- From: Glenn Adams <glenn@skynav.com>
- Date: Sat, 1 Sep 2012 08:13:07 +0800
- To: Giuseppe Pascale <giuseppep@opera.com>
- Cc: Benjamin Hawkes-Lewis <bhawkeslewis@googlemail.com>, Boris Zbarsky <bzbarsky@mit.edu>, public-html@w3.org
- Message-ID: <CACQ=j+dFj0z7UzbCXAJu86PNvHTZXG9EG5pywXpULGxvYBXchg@mail.gmail.com>
On Fri, Aug 31, 2012 at 5:47 PM, Giuseppe Pascale <giuseppep@opera.com>wrote: > I agree about the necessity to get to Rec ASAP and issuing new Recs more > frequently (html 5.1, 5.2 and so on), with the clear disclaimer (in case is > not obvious) that specs cannot be bug free and new Rec may change (even in > non backward compatible ways) if they were terribly broken and do not match > reality (of course care should be taken to delay things to the next Rec > where there is no good reason to have them in) > That [such a disclaimer as you suggest above] is completely unnecessary. Nobody in their right mind that uses any standard at all assumes it is bug free or will never change.
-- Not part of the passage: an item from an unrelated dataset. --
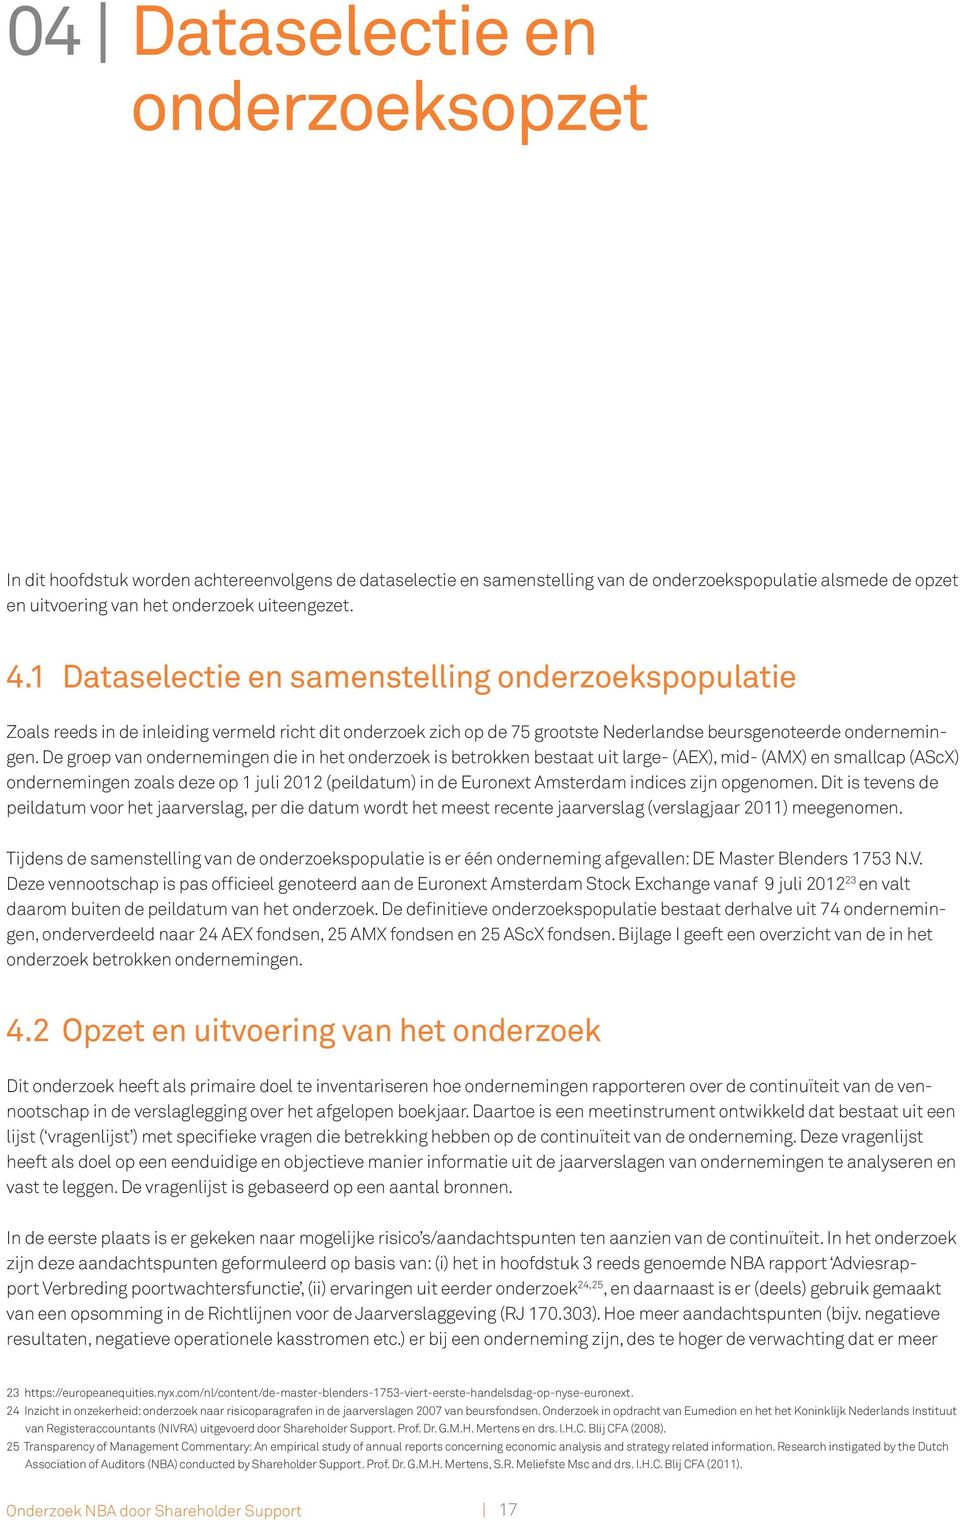 De groep van ondernemingen die in het onderzoek is betrokken bestaat uit large- (AEX), mid- (AMX) en smallcap (AScX) ondernemingen zoals deze op 1 juli 2012 (peildatum) in de Euronext Amsterdam

However, specific published versions will not change. They may have errata published against them, or new editions published, or new versions published in the future, but for a given (dated) version published in TR space, it should never have its text changed. > Of course you could try to convince all organizations on the planet > referencing HTML5 to change their way of doing references, but it seems > easier to do a procedural change in W3C if the end result doesn't affect > the technical spec too much (since we are all aware that new version will > come and people will have to be prepared to update their references). No procedural change is needed. The W3C has been living in the real standards world for a long time and understands how it works. > Some organizations writing downstream specs that reference HTML5 will >> write|publish their own compliance test regimes that effectively (i.e., >> operationally) define what is correct as far as they are concerned. Such >> test regimes will also change over time. >> >> > This is a critical point IMO. Who will write/maintain test cases to be > used (referenced) by these compliance test regimes? > Other organizations do what they have to do in order to use W3C specifications in contexts where compliance testing regimes are mandatory. Clearly, they are not mandatory in the Web in general. And they've never been part of the W3C process. This thread has now gotten far enough off topic to warrant its end. Please start another thread if you wish to pursue this discussion further. I've said all I plan to say.